At the beginning of this year, Third Point was not the only top hedge fund with lower fund earnings than the US stock market. As high-weight stocks such as Meta, Nvidia, and Microsoft continued to gain strength,$S&P 500 Index (.SPX.US)$The increase in the first quarter was as high as 10%. Greenlight Capital (Greenlight Capital), a subsidiary of David Einhorn (David Einhorn), had a return of only 4.9% after deducting processing fees and other expenses in the first quarter, significantly outperforming the S&P 500 index.

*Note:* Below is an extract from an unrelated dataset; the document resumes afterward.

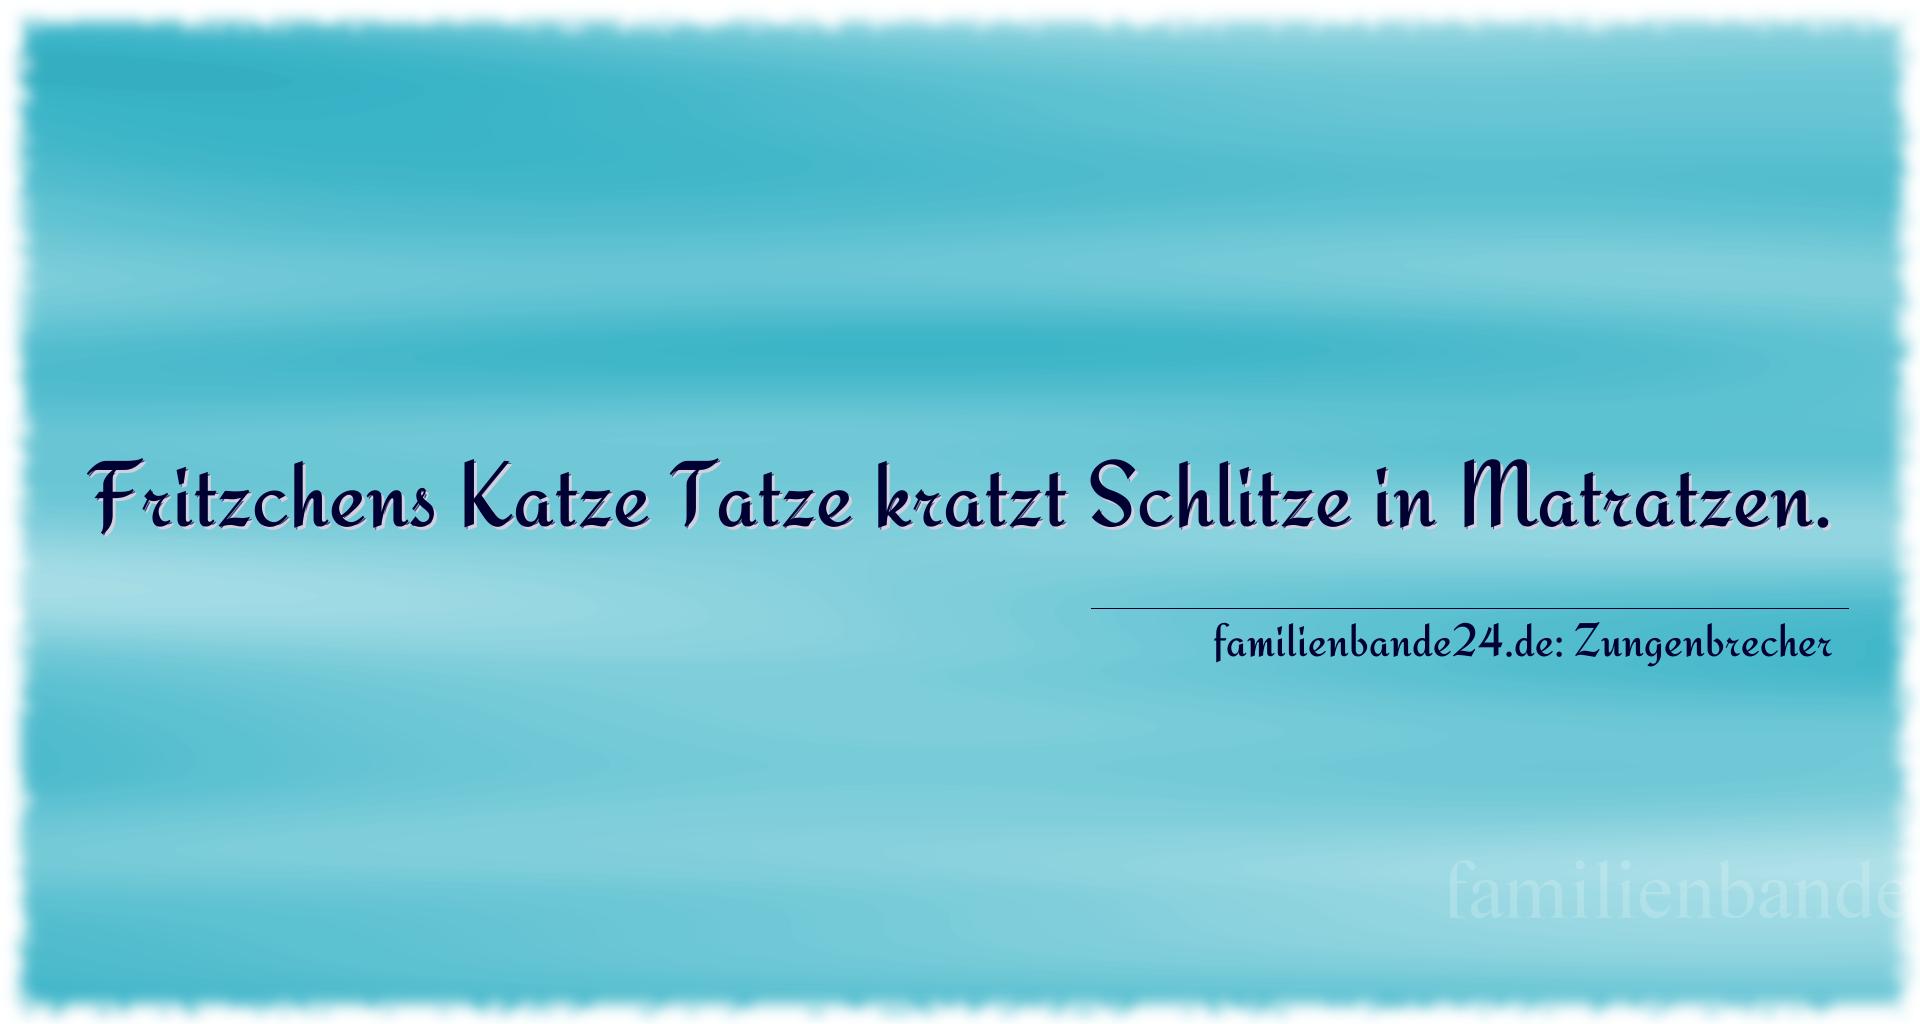 Zungenbrecher Nr. 718: Fritzchens Katze Tatze kratzt Schlitze in Matratzen.
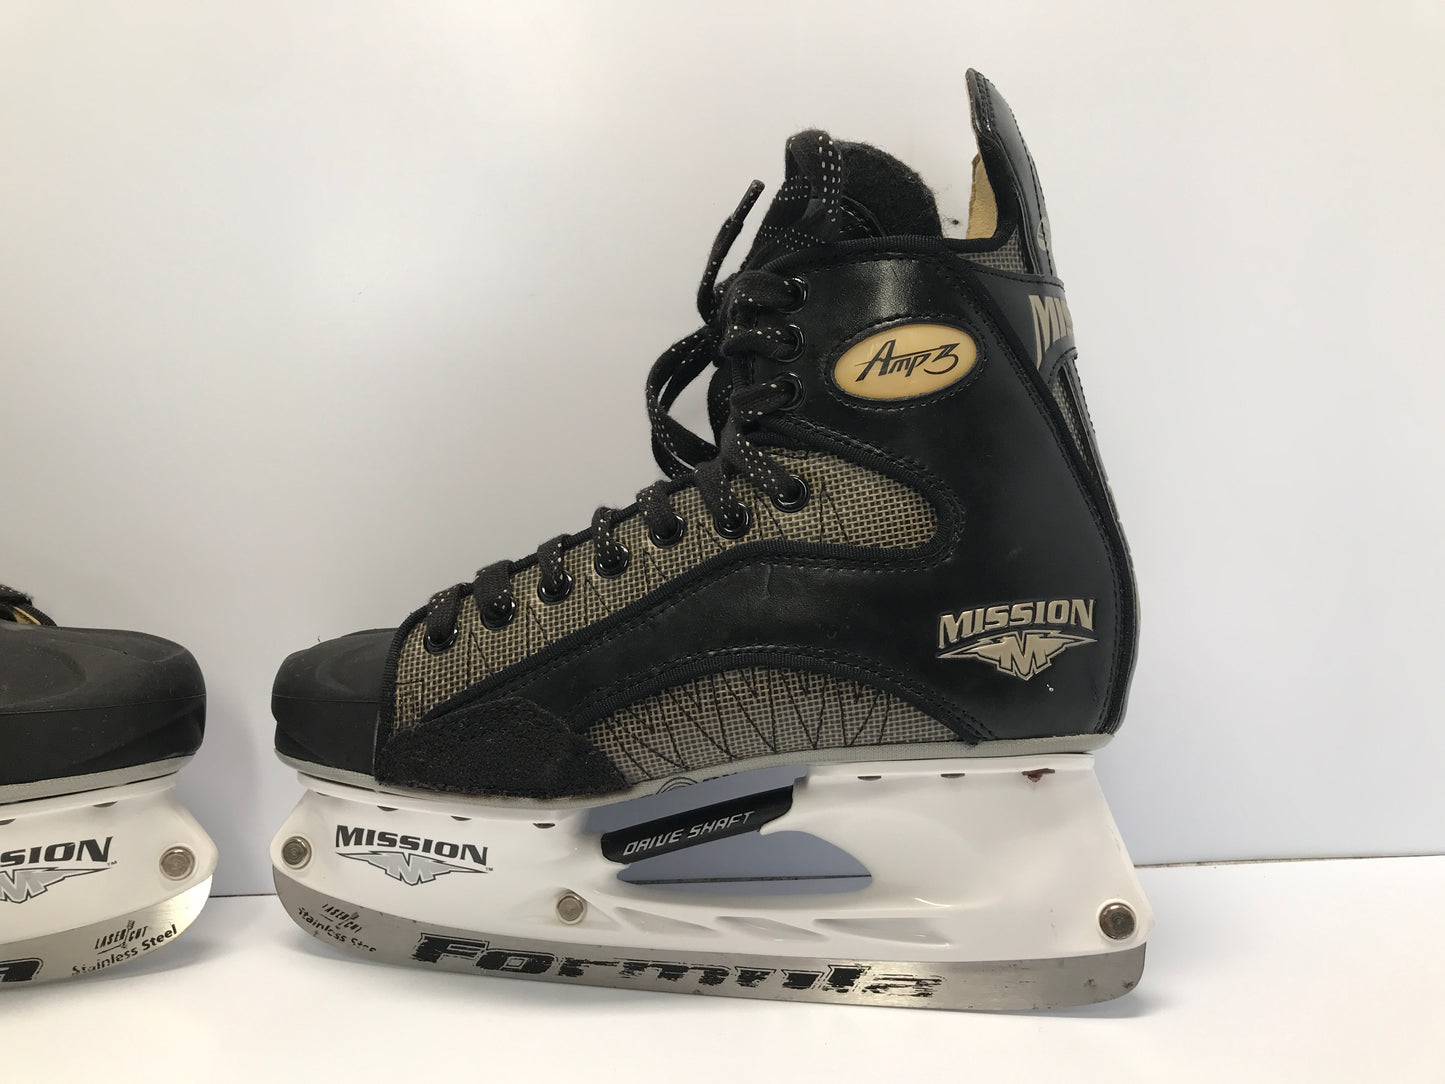 Hockey Skates Men's Senior Size 7.5 Shoe Size 8.5 Mission Amp 3 Excellent

The “AI investment frenzy” is not over!

Global hedge funds known as “smart money” increased their positions in US technology stocks at the fastest speed in over a year last week. In particular, they accelerated the influx of chip stocks that have fully benefited from the global “AI investment frenzy,” showing a full recovery in capital risk appetite for technology stocks. According to data compiled by Goldman Sachs Group's brokerage business, US technology stocks last week recorded the largest net buying since December 2022. This trend is mainly driven by long positions and short compensation.

Although almost all technology sub-industries have capital inflows, chip design companies and semiconductor equipment companies that focus on the AI field are the main buyers of hedge funds. According to the data, the hedge fund allocation ratio for US stocks in the chip industry rose from 1.1% at the beginning of the year to 4.4%, which is the highest allocation level in more than five years.

Overall, hedge funds made net purchases of technology stocks in the US stock market at the fastest speed in about five months last week, and the S&P 500 index also recorded its best performing week in 2024, closing at around 5,100 points.

Editor/Jeffrey

The translation is provided by third-party software.